I keep thinking that doing this would be easier if I was not wearing a mask. Wearing a mask makes it a bit more difficult to see where I’m going, or it makes me have to think more about seeing where I’m going. Either way, it makes learning a new way to drive all the more of a challenge. It also reminds me that I’m doing this in a very momentous time, when we’re all learning, learning as we find our way out of this once-in-a-century (hopefully) pandemic, find out if our lives will be different or will go back to the way they were.

We are all learning. When will it be safe or feel safe not to wear masks, regardless of what the C.D.C says and the state opening up next month? When will we be able to go to outdoor concerts? Will we be able to go performances at the colleges when they open in the Fall – if they open in the Fall? So many questions we are trying to answer. 

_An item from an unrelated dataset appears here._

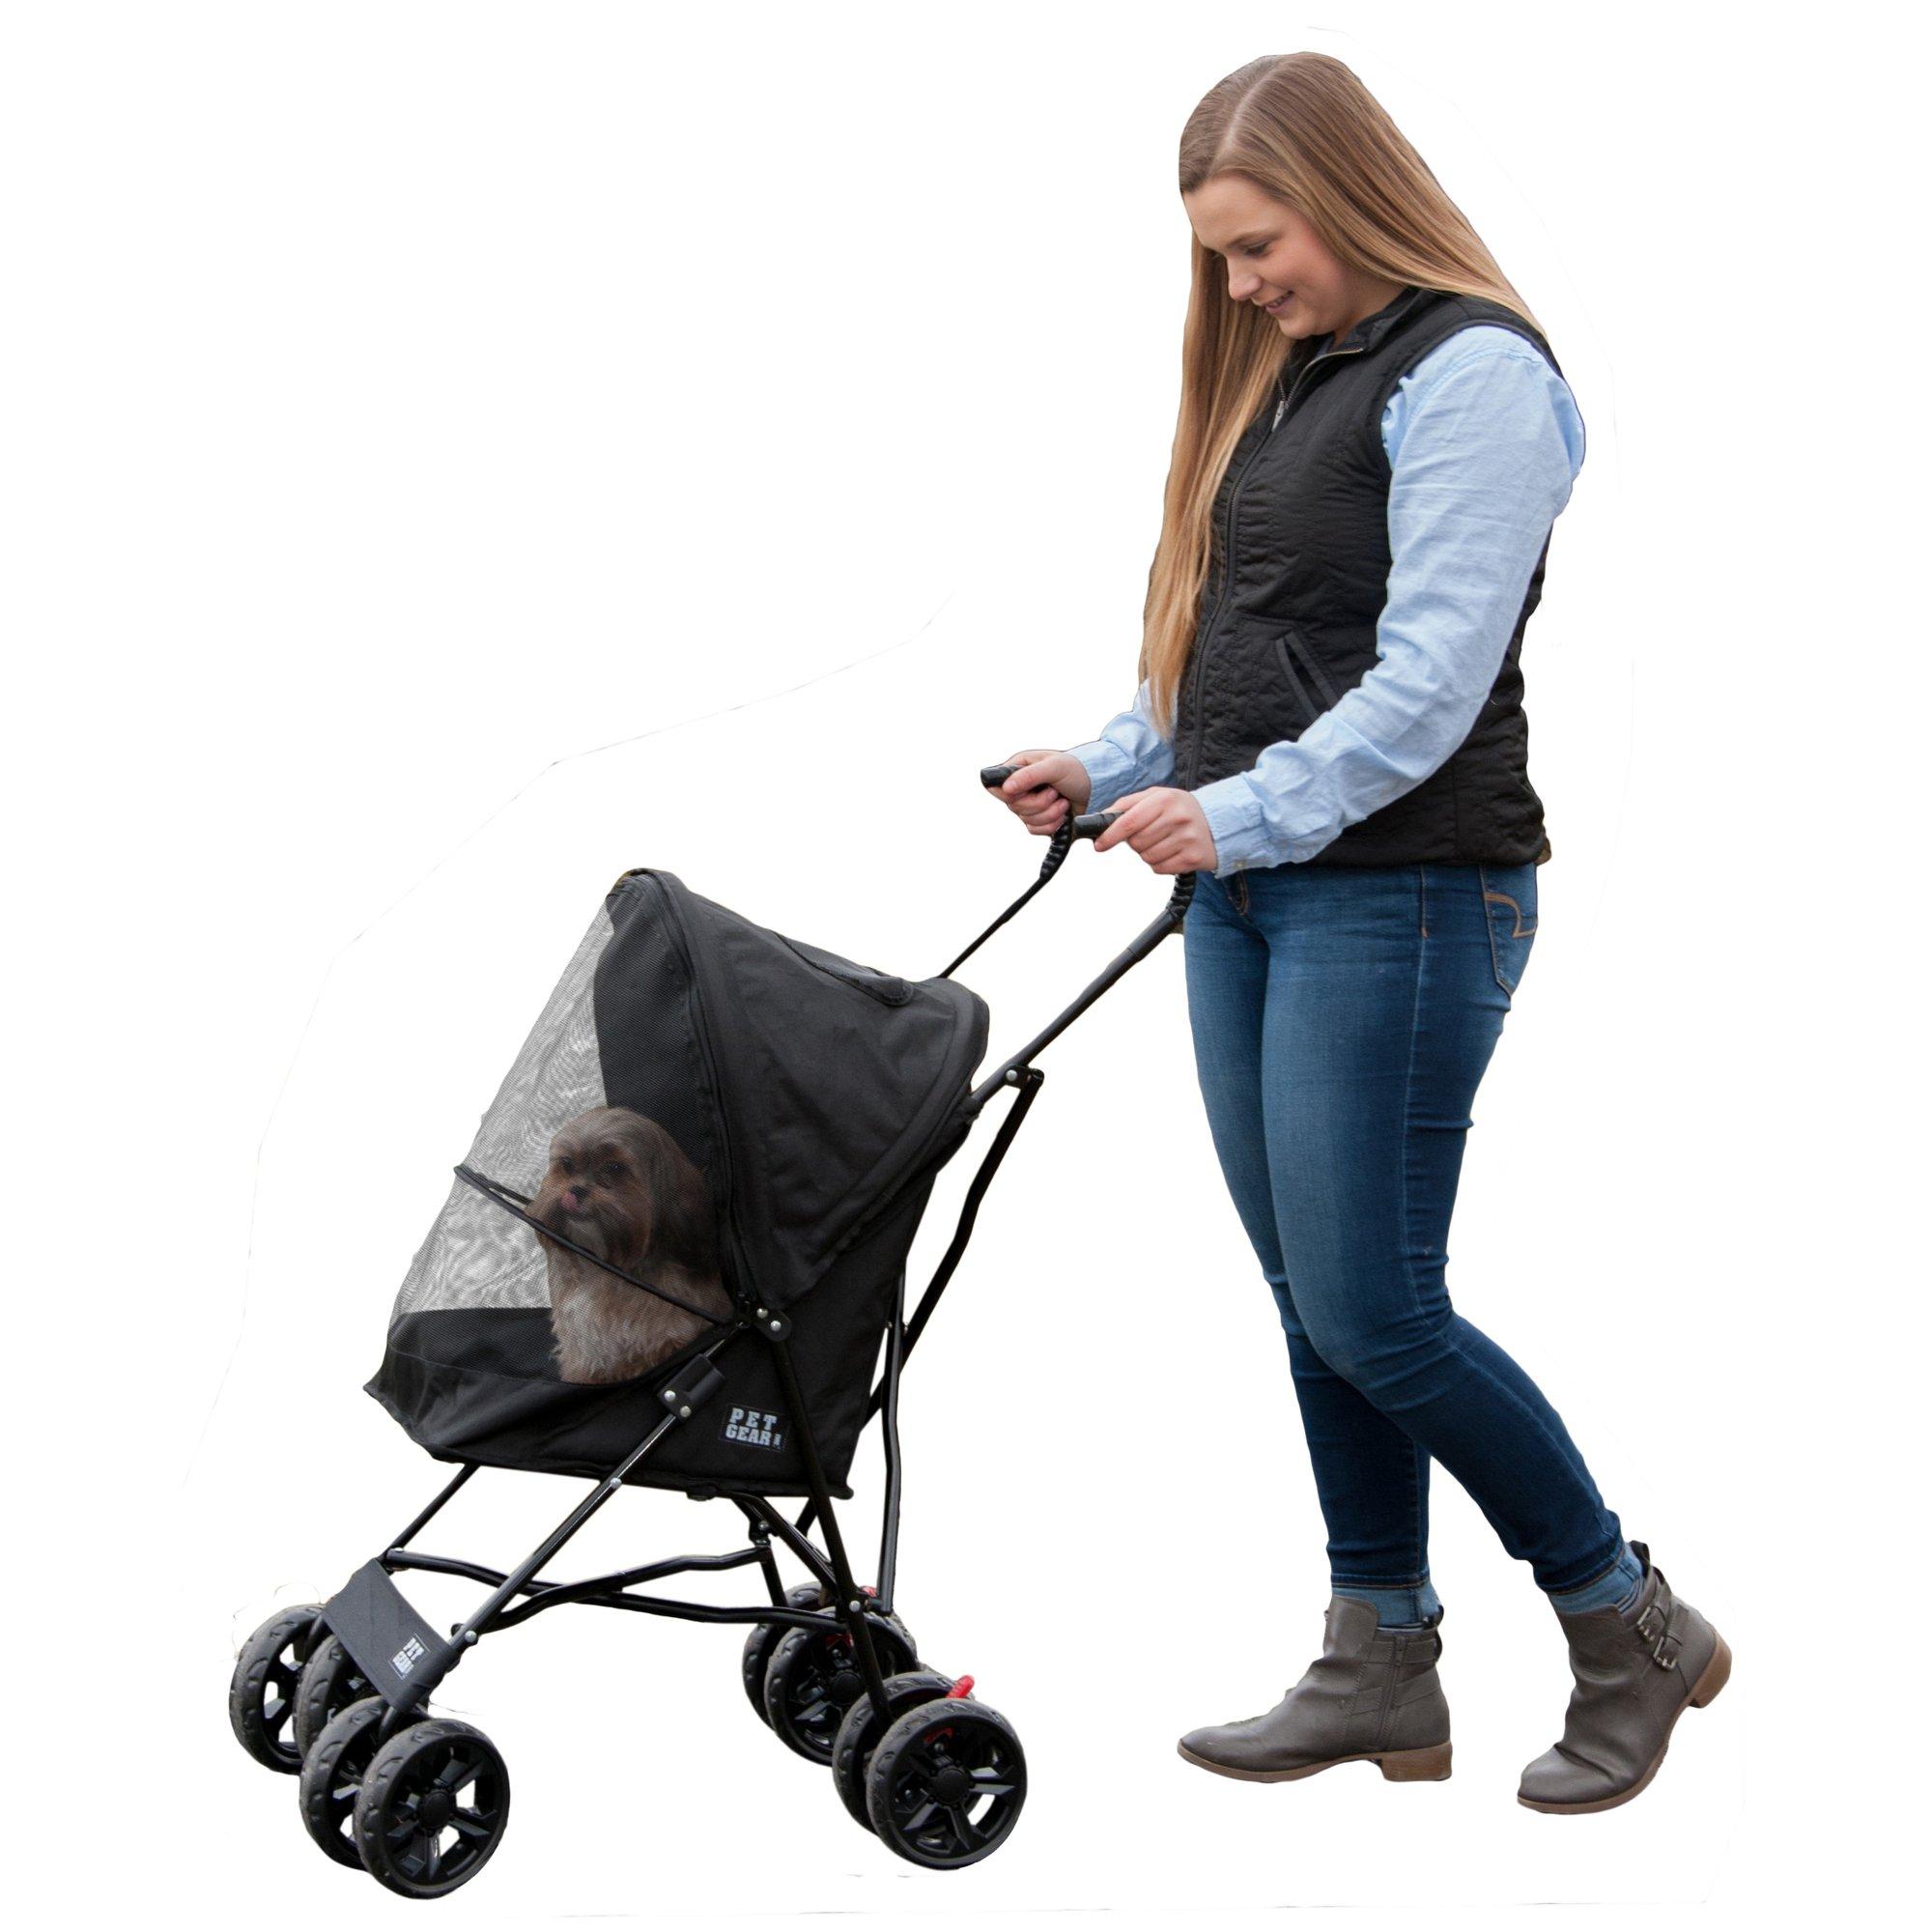 Pet Gear Travel Lite Pet Stroller in Black | Petco

As I try to learn this new, strange way of driving my wheelchair, of going out and getting around on my own, I am aware that it’s strange that we’re having to find our way, to learn how to go, back to normal. Or a new normal. 

It has felt strange to see television shows end their season, to see commercials for summer sales, complete with scenes of people traveling. It feels strange that summer is coming, that summer will feel something like a real summer, when we will hopefully have backyard parties and be able to go to the beach, whether or not there will be concerts and performances around town and as we wonder whether to go to see a movie at the cinema or stream it at home. 

It feels strange and difficult, but I’m not alone, we’re not alone and it can be done.